My Problem: I'm trying to classify a data into two groups as A and B based on 25 observations (data point) and 100 features. I used the Gradient Boosting Machine (GBM) to find out which feature has the most important contribution to classify the data points into group A or B. As a result, I extracted the top 4 most important features for this classification. Let's say they are X1, X2, X3, and X4. Right now, I'm interested to plot all combinations of these 4 features versus each other (i.e. scatter plots) and find out if I could find out that the data points that belong to category A or B are clustered together in certain regions or not. For example, I plot X2 versus X1 as a scatter plot and use KMeans for clustering identification. But the problem is KMeans did a pretty bad job on each those pair scatter plots (i.e. scatter plot of Xi vs Xj 1 <= i,j <= 4).

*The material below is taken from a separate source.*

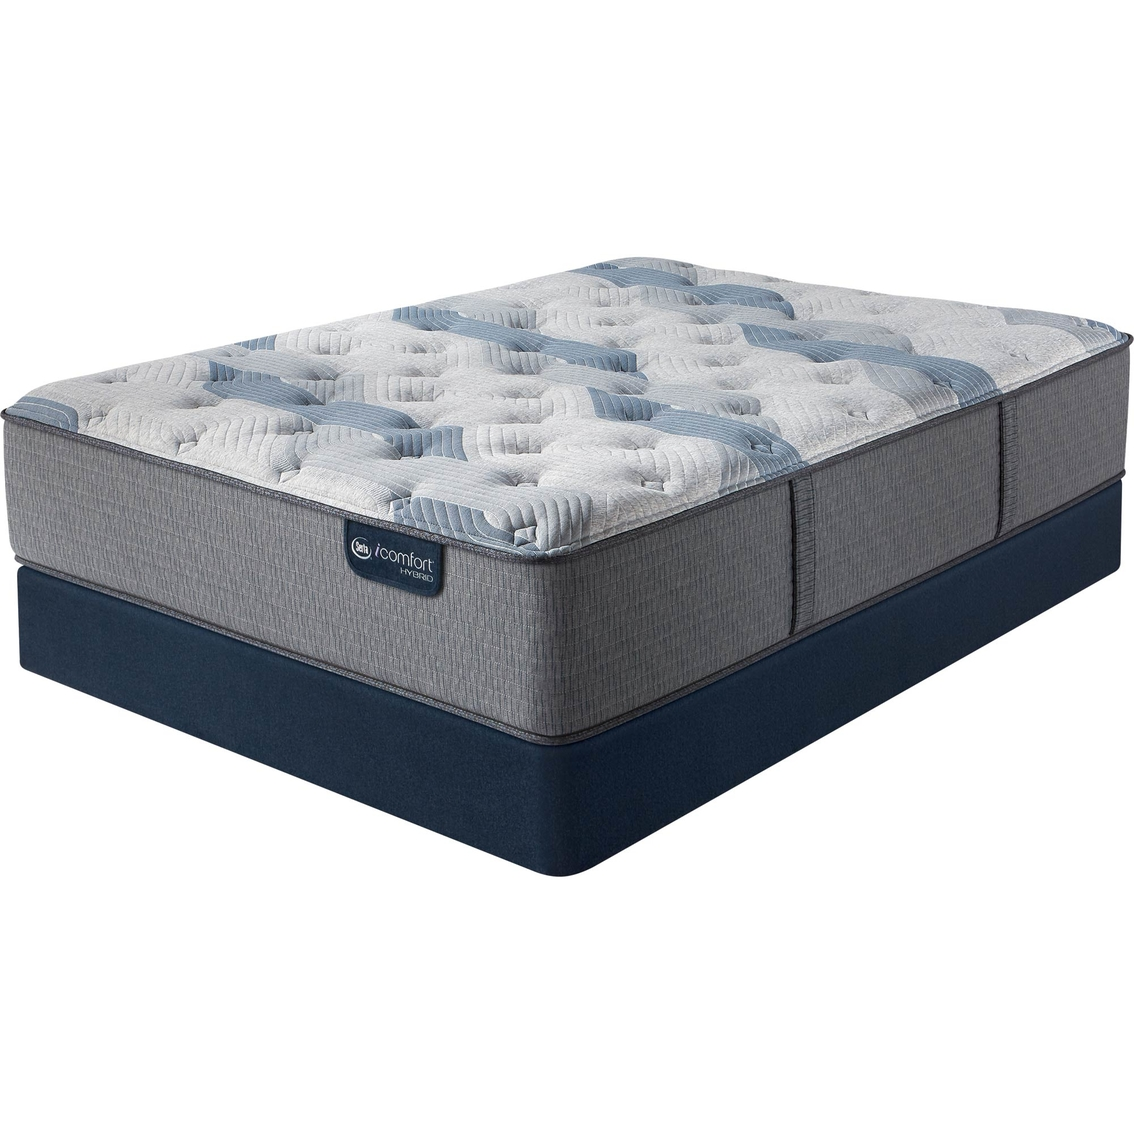 Serta Icomfort Hybrid Blue Fusion 100 Firm Mattress Set

My Approach: Based on bad results of KMeans in order to cluster the points, I decided to use PCA on these 4 features and reduce the dimensionality furthermore to two variables as X'1 and X'2. Then again I used KMeans to cluster the point and it significantly improved the KMeans results.
My Question: Does it make sense to use PCA on those top 4 features extracted from GBM (i.e. X1, X2, X3, and X4)? Cause I'm wondering we already reduced the dimensionality from 100 to 4 by using GBM and extracting top 4 most important features in our data. Does it make sense to use PCA and reduce those 4 features furthermore into two variables that have highest variances? If your opinion is no can you give me a precise explanation or possibly some references and if your opinion is yes again explanation and references could help me a lot.